473,569 Members | 2,571 Online
Bytes | Software Development & Data Engineering Community
+ Post

Home Posts Topics Members FAQ

std::string vs. Unicode UTF-8

I understand that it is perfectly possible to store UTF-8 strings
in a std::string, however doing so can cause some implicaions.
E.g. you can't count the amount of characters by length() |
size(). Instead one has to iterate through the string, parse all
UTF-8 multibytes and count each multibyte as one character.

To address this problem the GTKmm bindings for the GTK+ toolkit
have implemented a own string class Glib::ustring
<http://tinyurl.com/bxpu4> which takes care of UTF-8 in strings.
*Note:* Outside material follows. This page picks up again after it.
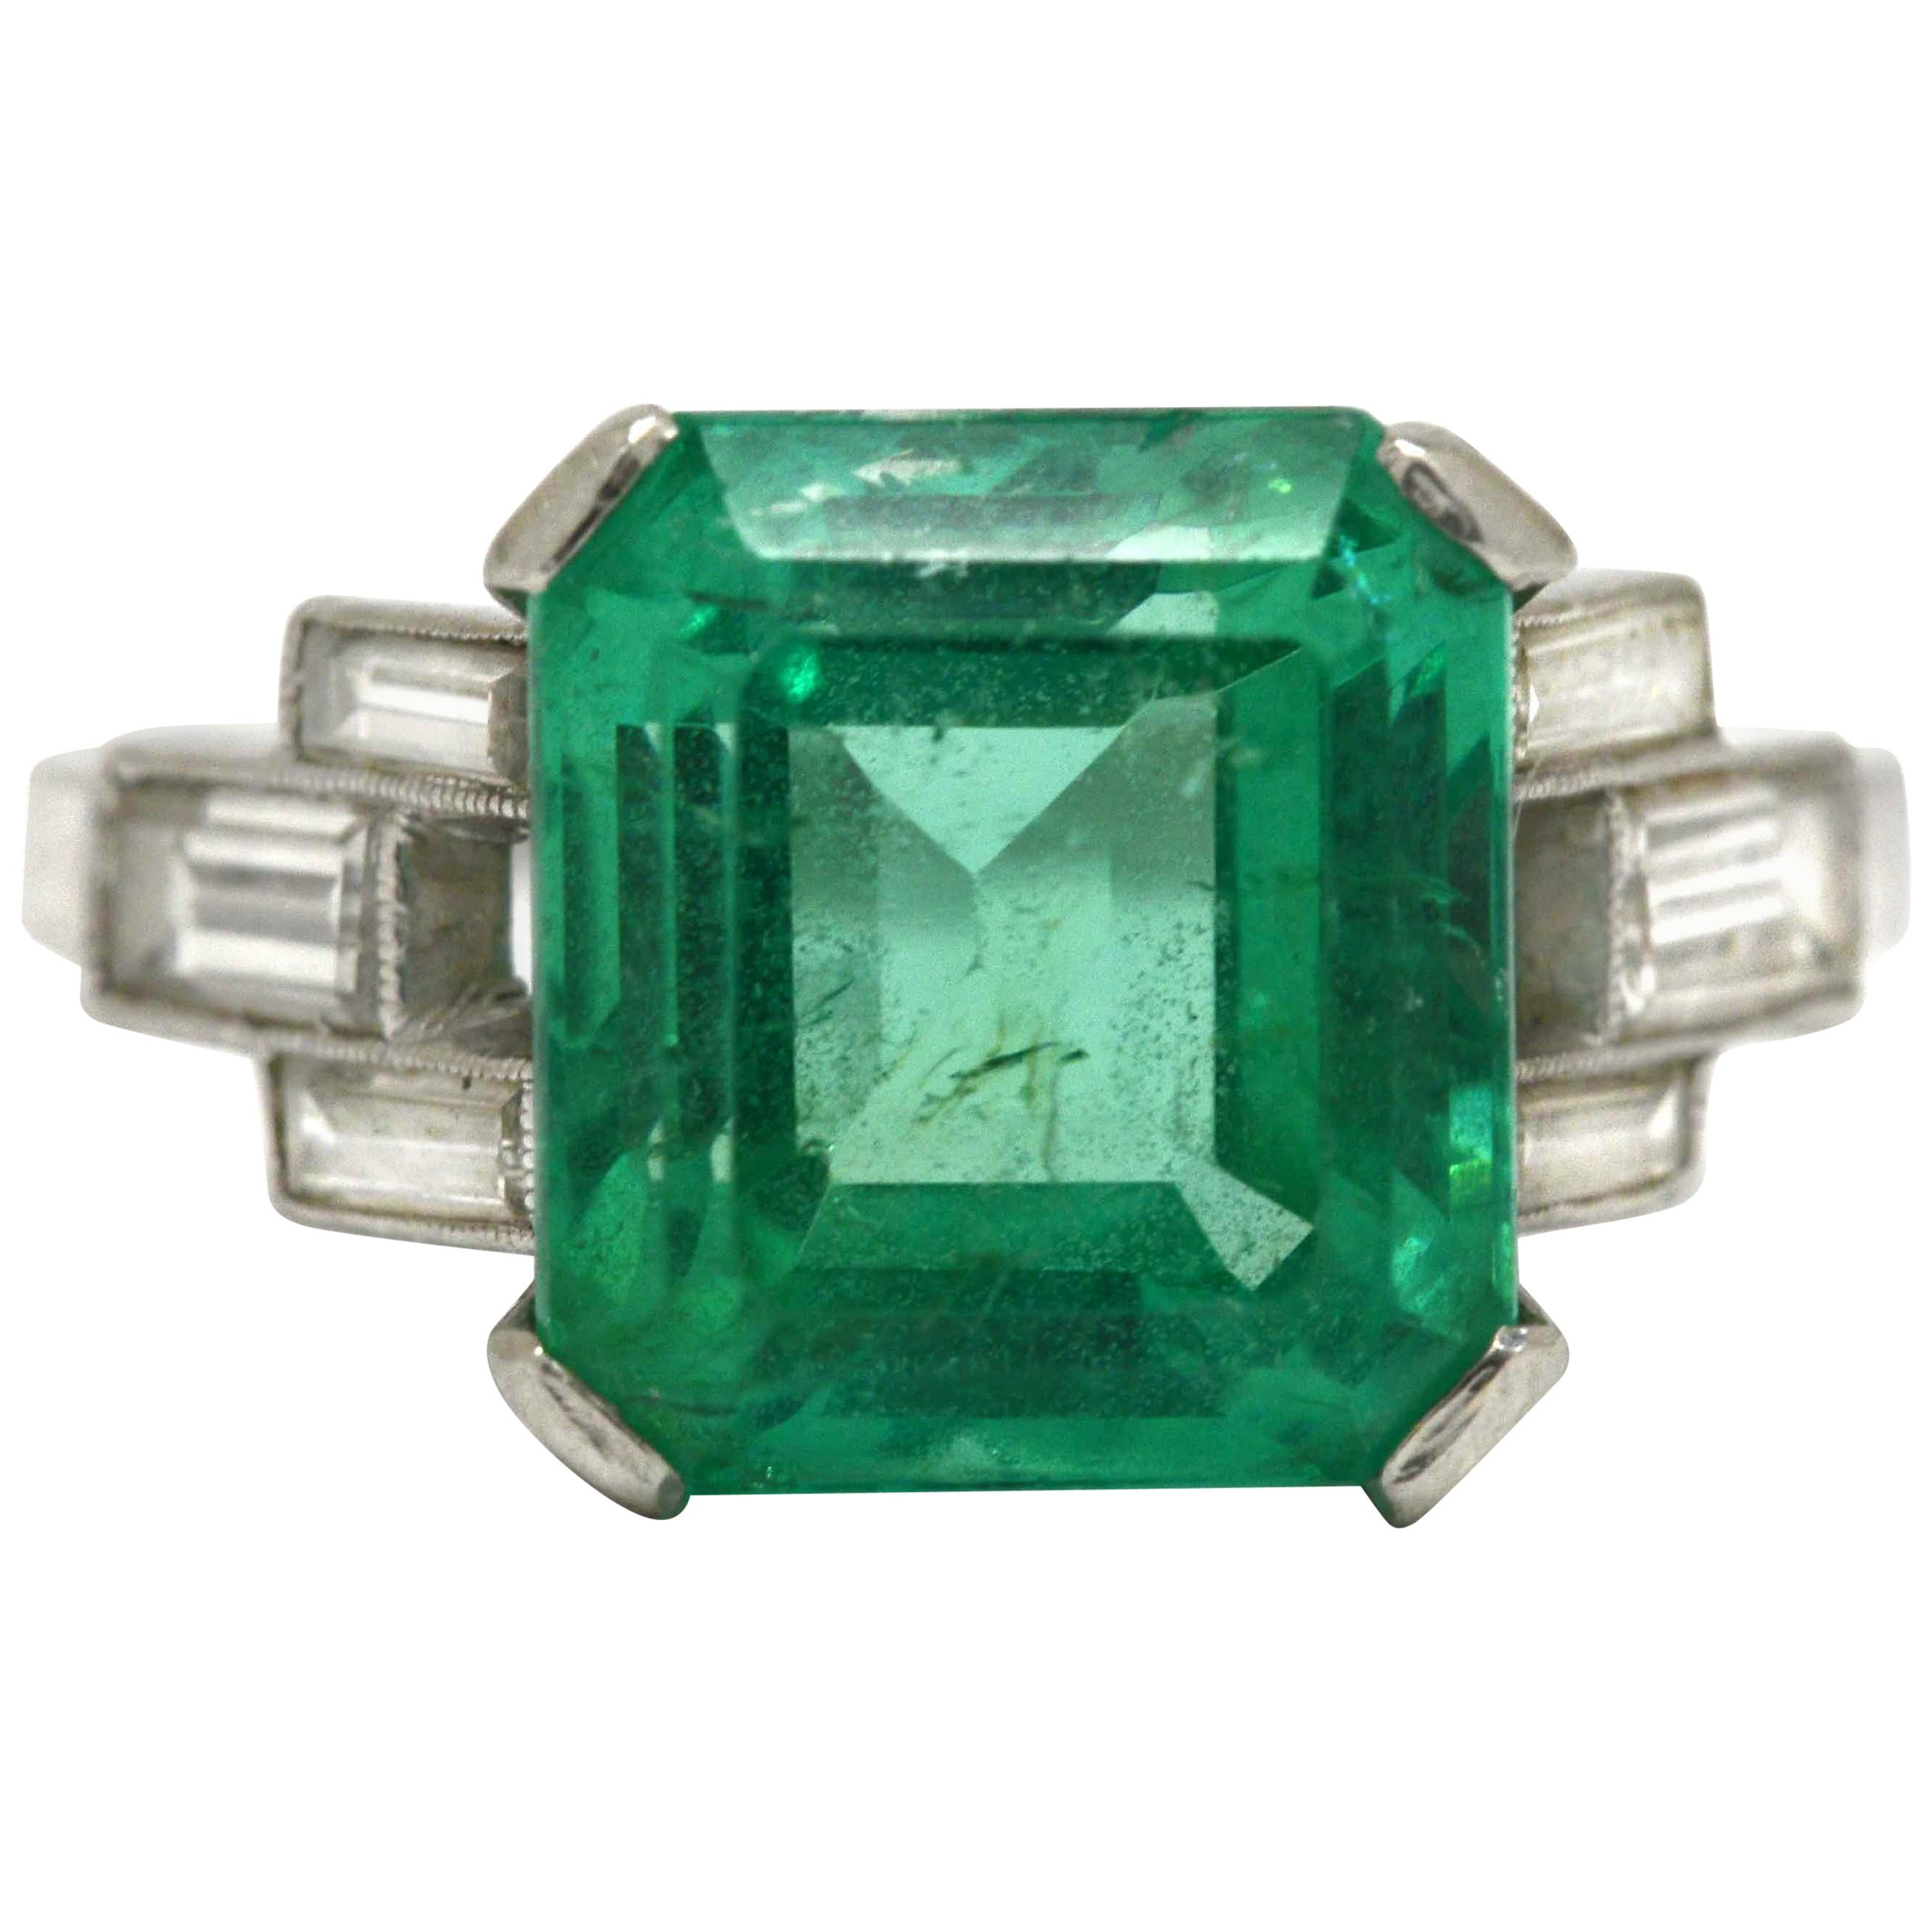 Art Deco Certified 5.47 Carat Colombian Emerald Cocktail Ring Engagement Wedding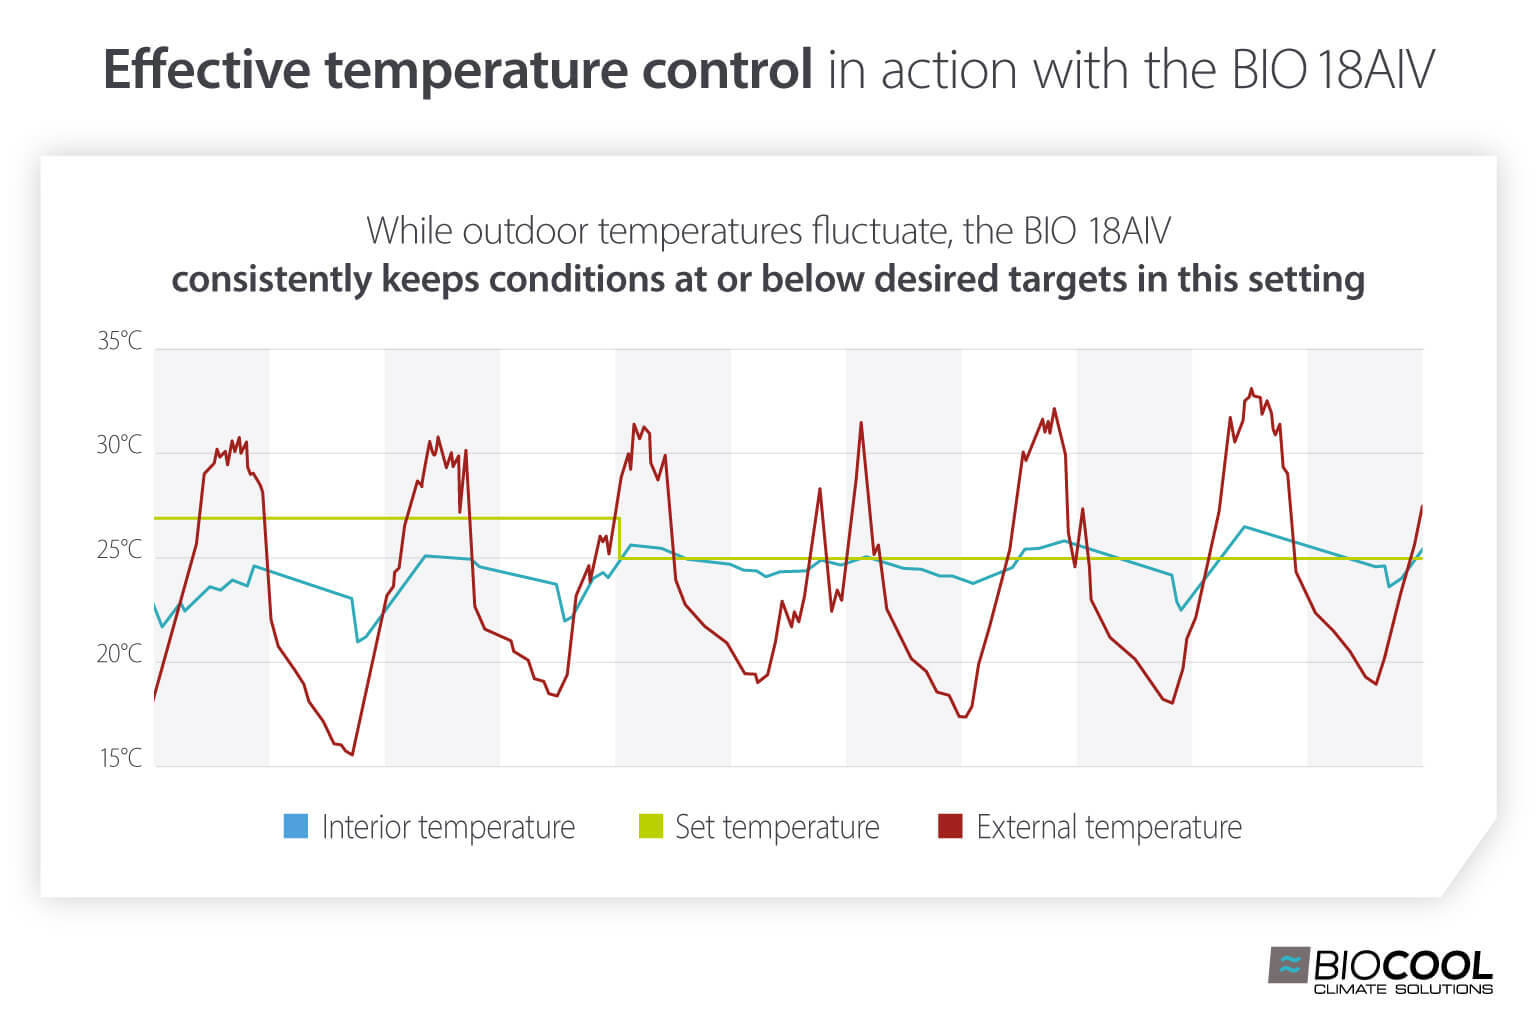 Chart showing how BIO 18AIV evaporative cooler maintained consistent indoor temperatures despite changing outdoor conditions - Biocool infographic image

The question is, wouldn't it be logical to make std::string
Unicode aware in the next STL version? I18N is an important
topic nowadays and I simply see no logical reason to keep
std::string as limited as it is nowadays. Of course there is
also the wchar_t variant, but actually I don't like that.

Wolfgang Draxinger
--

---
[ comp.std.c++ is moderated. To submit articles, try just posting with ]
[ your news-reader. If that fails, use mailto:st*****@ ncar.ucar.edu ]
[ --- Please see the FAQ before posting. --- ]
[ FAQ: http://www.jamesd.demon.co.uk/csc/faq.html ]

Sep 13 '05 #1
32 49668
> The question is, wouldn't it be logical to make std::string
Unicode aware in the next STL version? I18N is an important
topic nowadays and I simply see no logical reason to keep
std::string as limited as it is nowadays. Of course there is
also the wchar_t variant, but actually I don't like that.


It is much easier to handle unicode strings with wchar_t internally and
there is much less confusion about whether the string is ANSI or UTF8
encoded. So I have started using wchar_t wherever I can and I only use UTF8
for external communication.

Niels Dybdahl
---
[ comp.std.c++ is moderated. To submit articles, try just posting with ]
[ your news-reader. If that fails, use mailto:st*****@ ncar.ucar.edu ]
[ --- Please see the FAQ before posting. --- ]
[ FAQ: http://www.jamesd.demon.co.uk/csc/faq.html ]

Sep 14 '05 #2
Wolfgang Draxinger wrote:
I understand that it is perfectly possible to store UTF-8 strings
in a std::string, however doing so can cause some implicaions.
E.g. you can't count the amount of characters by length() |
size(). Instead one has to iterate through the string, parse all
UTF-8 multibytes and count each multibyte as one character.

To address this problem the GTKmm bindings for the GTK+ toolkit
have implemented a own string class Glib::ustring
<http://tinyurl.com/bxpu4> which takes care of UTF-8 in strings.

The question is, wouldn't it be logical to make std::string
Unicode aware in the next STL version? I18N is an important
topic nowadays and I simply see no logical reason to keep
std::string as limited as it is nowadays. Of course there is
also the wchar_t variant, but actually I don't like that.

Wolfgang Draxinger


UTF-8 is only an encoding, why to you think a strings internal to the
program should be represented as UTF-8? Makes more sense to me to
translate to or from UTF-8 when you input or output strings from your
program. C++ already has the framework in place for that.

john

---
[ comp.std.c++ is moderated. To submit articles, try just posting with ]
[ your news-reader. If that fails, use mailto:st*****@ ncar.ucar.edu ]
[ --- Please see the FAQ before posting. --- ]
[ FAQ: http://www.jamesd.demon.co.uk/csc/faq.html ]

Sep 14 '05 #3

Wolfgang Draxinger wrote:
I understand that it is perfectly possible to store UTF-8 strings
in a std::string, however doing so can cause some implicaions.
E.g. you can't count the amount of characters by length() |
size(). Instead one has to iterate through the string, parse all
UTF-8 multibytes and count each multibyte as one character.
Correct. Also you can't print it or anything else.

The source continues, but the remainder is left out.